Although specific embodiments have been illustrated and described herein, it will be appreciated by those of ordinary skill in the art that any arrangement which is calculated to achieve the same purpose may be substituted for the specific embodiments shown. For example, a digital remote unit is not limited to receiving, summing, splitting, and transmitting digital radio frequency signals. In other embodiments, the digital host unit can receive and add analog radio frequency signals in addition to or instead of receiving and adding digital radio frequency signals. Also, the digital host unit can separate and transmit analog radio frequency signals in addition to or instead of separating and transmitting digital radio frequency signals. This application is intended to cover any adaptations or variations of the present invention. Therefore, it is intended that this invention be limited only by the claims and the equivalents thereof.

Claims (1)

1. A method of performing multipoint-to-point digital radio frequency transmission, the method comprising:

receiving analog radio frequency signals in a plurality of digital remote units;

converting the analog radio frequency signal to a digital radio frequency signal in each of the digital remote units;

optically transmitting said digital radio frequency signals from each of said digital remote units to a digital host unit;

receiving the plurality of digital radio frequency signals in the digital host unit;

digitally summing the plurality of digital radio frequency signals together, wherein the plurality of digital radio frequency signals have been received from the plurality of digital remote units, and wherein an overflow algorithm is used to keep the sum of the plurality of digital radio frequency signals within a predetermined number of resolution bits; and

the digitally summed digital radio frequency signals are converted back into analog radio frequency signals and these signals are sent to the radio interface device for further transmission to the switched telephone network.

2. The method of claim 1, wherein the converting of the analog radio frequency signal to a digital radio frequency signal comprises amplifying the analog radio frequency signal.

3. The method of claim 1, wherein the converting of the analog radio frequency signal to the digital radio frequency signal comprises synchronizing a reverse path local oscillator with a master clock to reduce end-to-end frequency translation.

4. A digital radio frequency transport system comprising a digital host unit and at least two digital remote units communicatively coupled to said digital host unit, wherein said digital host unit comprises circuitry for performing bi-directional simultaneous digital radio frequency distribution of digital radio frequency signals between said digital host unit and said at least two digital remote units; wherein the digital host unit digitally sums the digital radio frequency signals received at the digital host unit from the at least two digital remote units, wherein an overflow algorithm is used to keep the sum of the plurality of digital radio frequency signals within a predetermined number of resolution bits.
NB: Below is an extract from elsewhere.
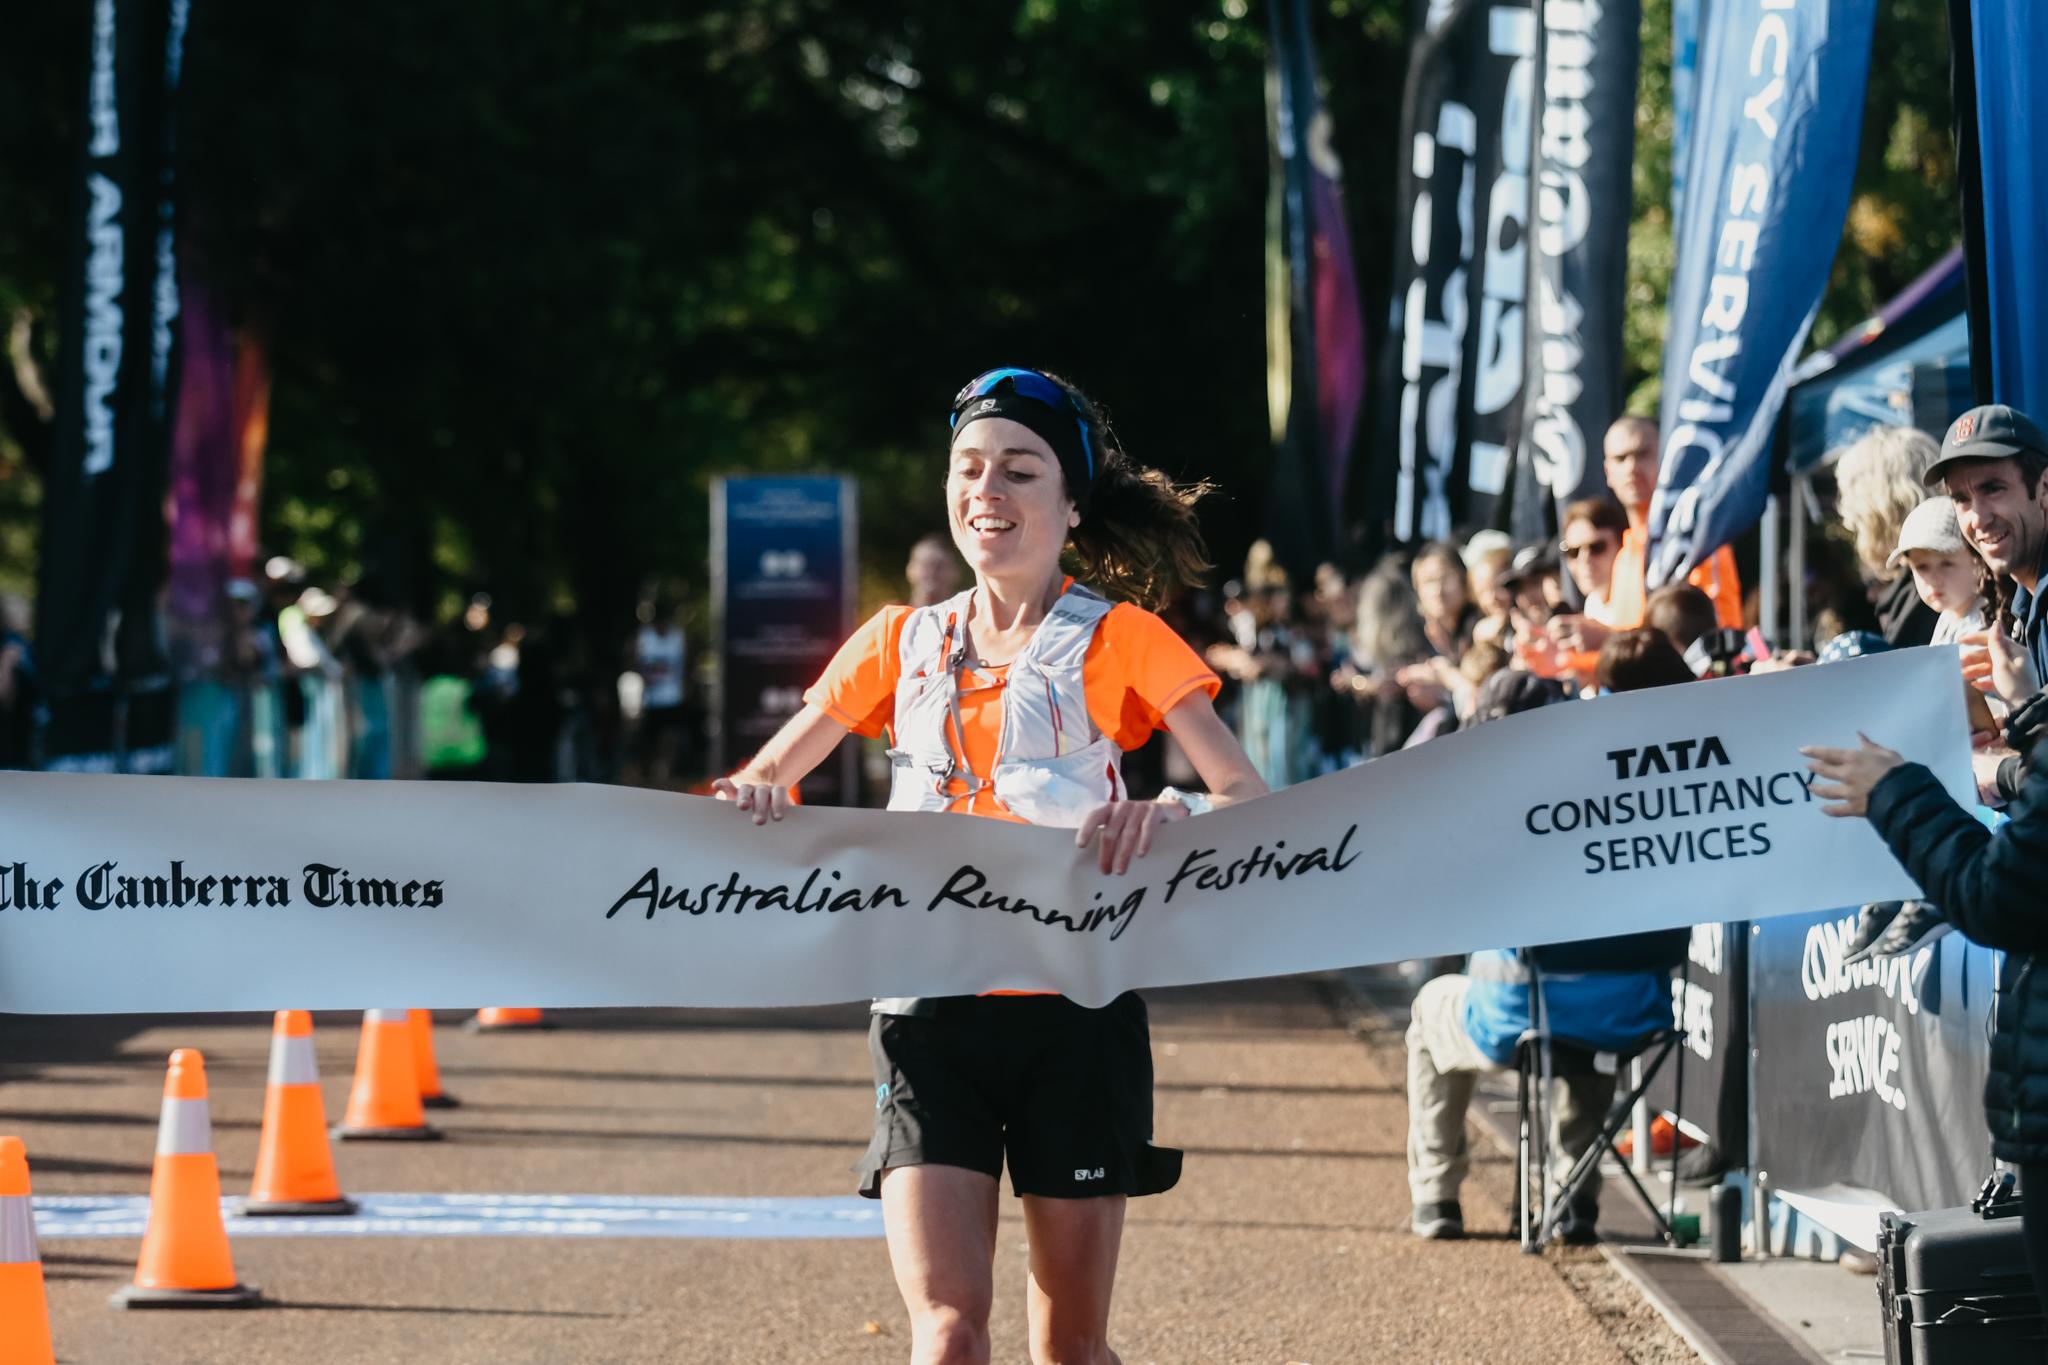 Australian Running Festival Sunday FINALS-7.jpg

5. A digital radio frequency transport system comprising a digital host unit, a digital extension unit communicatively coupled to said digital host unit, and at least two digital remote units communicatively coupled to said digital extension unit, wherein at least one of said digital host unit and digital extension unit includes circuitry for performing bi-directional simultaneous digital radio frequency distribution of digital radio frequency signals between said digital host unit or digital extension unit and said at least two digital remote units; wherein at least one of the digital host unit and digital extension unit digitally sums the digital radio frequency signals received at the digital host unit or digital extension unit from the at least two digital remote units, wherein an overflow algorithm is used to keep the sum of the plurality of digital radio frequency signals within a predetermined number of resolution bits.